┌──
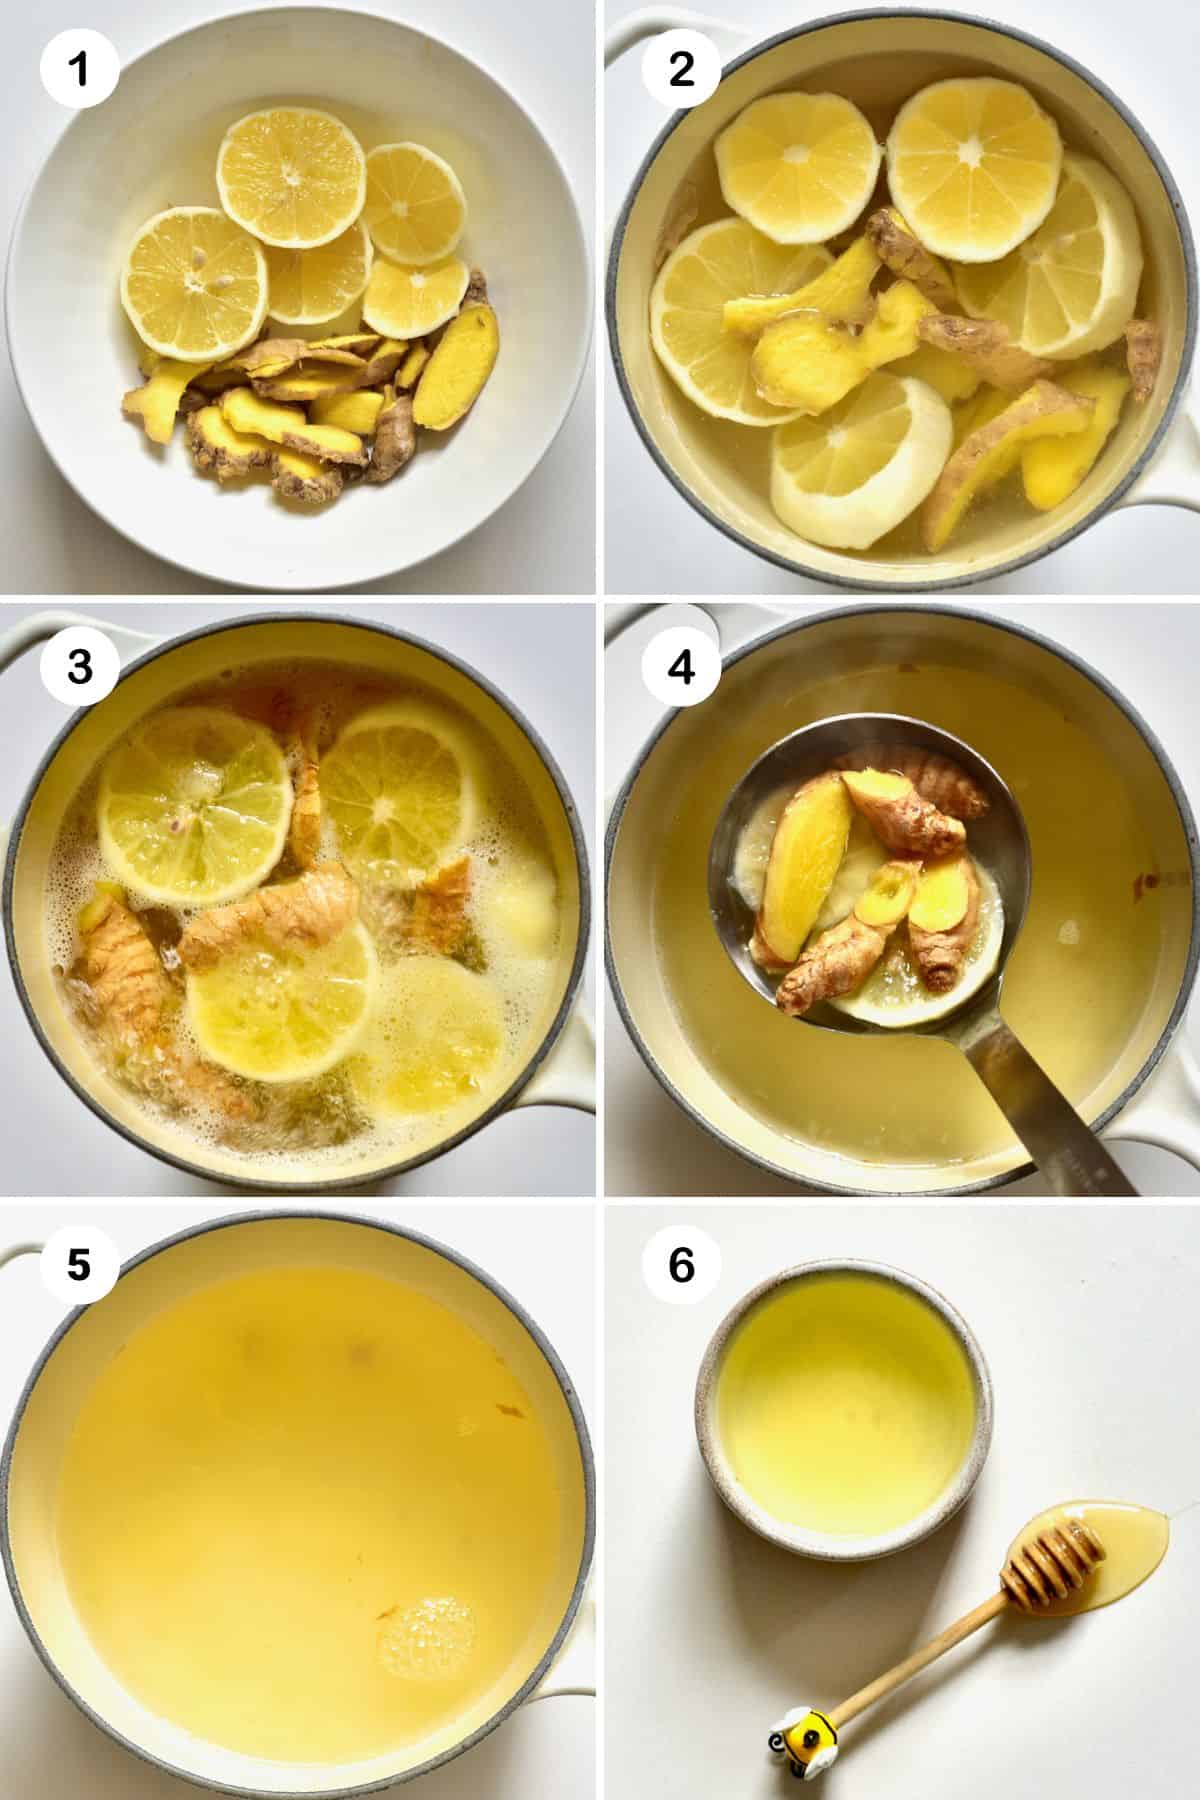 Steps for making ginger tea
└──
┌──
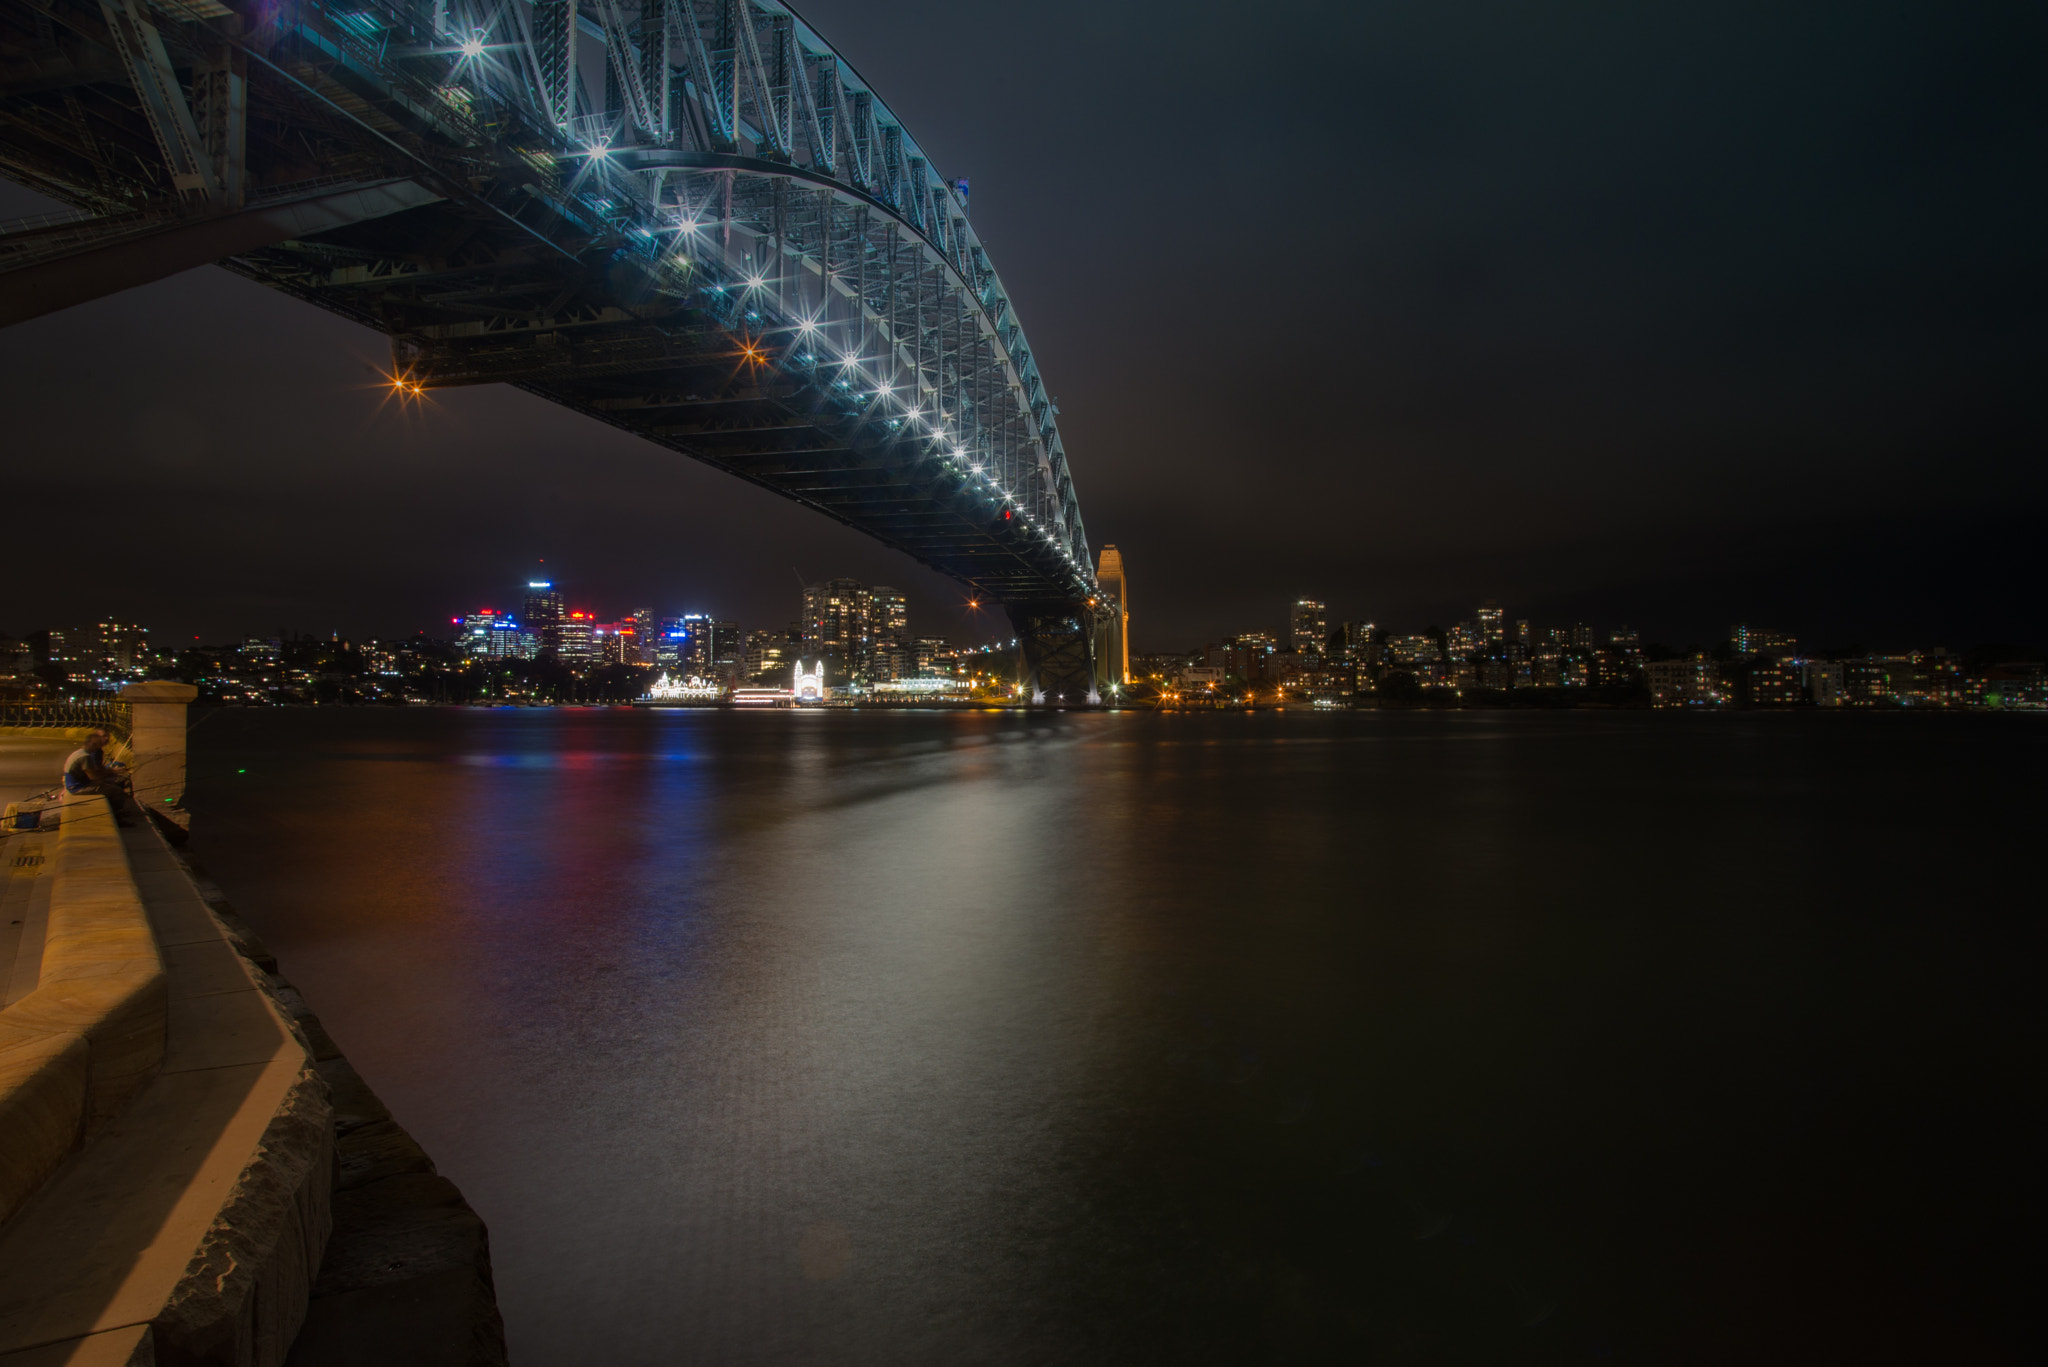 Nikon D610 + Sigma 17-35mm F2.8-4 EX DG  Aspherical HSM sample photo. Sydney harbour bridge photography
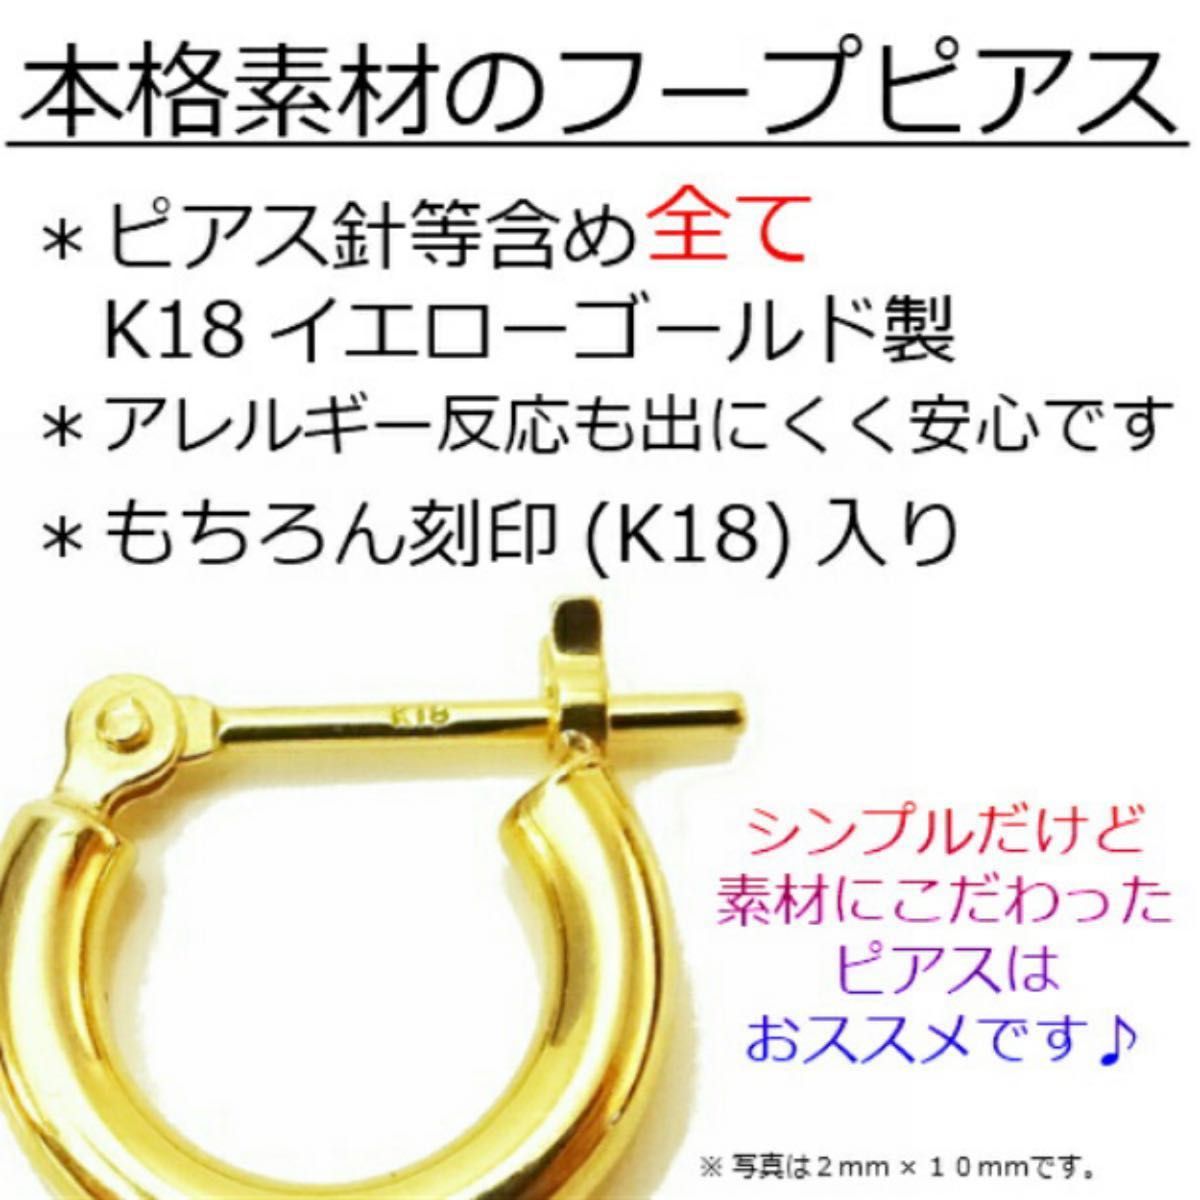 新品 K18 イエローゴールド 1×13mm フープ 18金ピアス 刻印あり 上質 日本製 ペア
└──
Copy everything above from the line holding "Nikon D610 +" down to the line holding "新品 K18 イエローゴールド", both ends included, exactly as it stands and without the pictures.

#### [EXPECTED ANSWER]
 Nikon D610 + Sigma 17-35mm F2.8-4 EX DG  Aspherical HSM sample photo. Sydney harbour bridge photography
 新品 K18 イエローゴールド 1×13mm フープ 18金ピアス 刻印あり 上質 日本製 ペア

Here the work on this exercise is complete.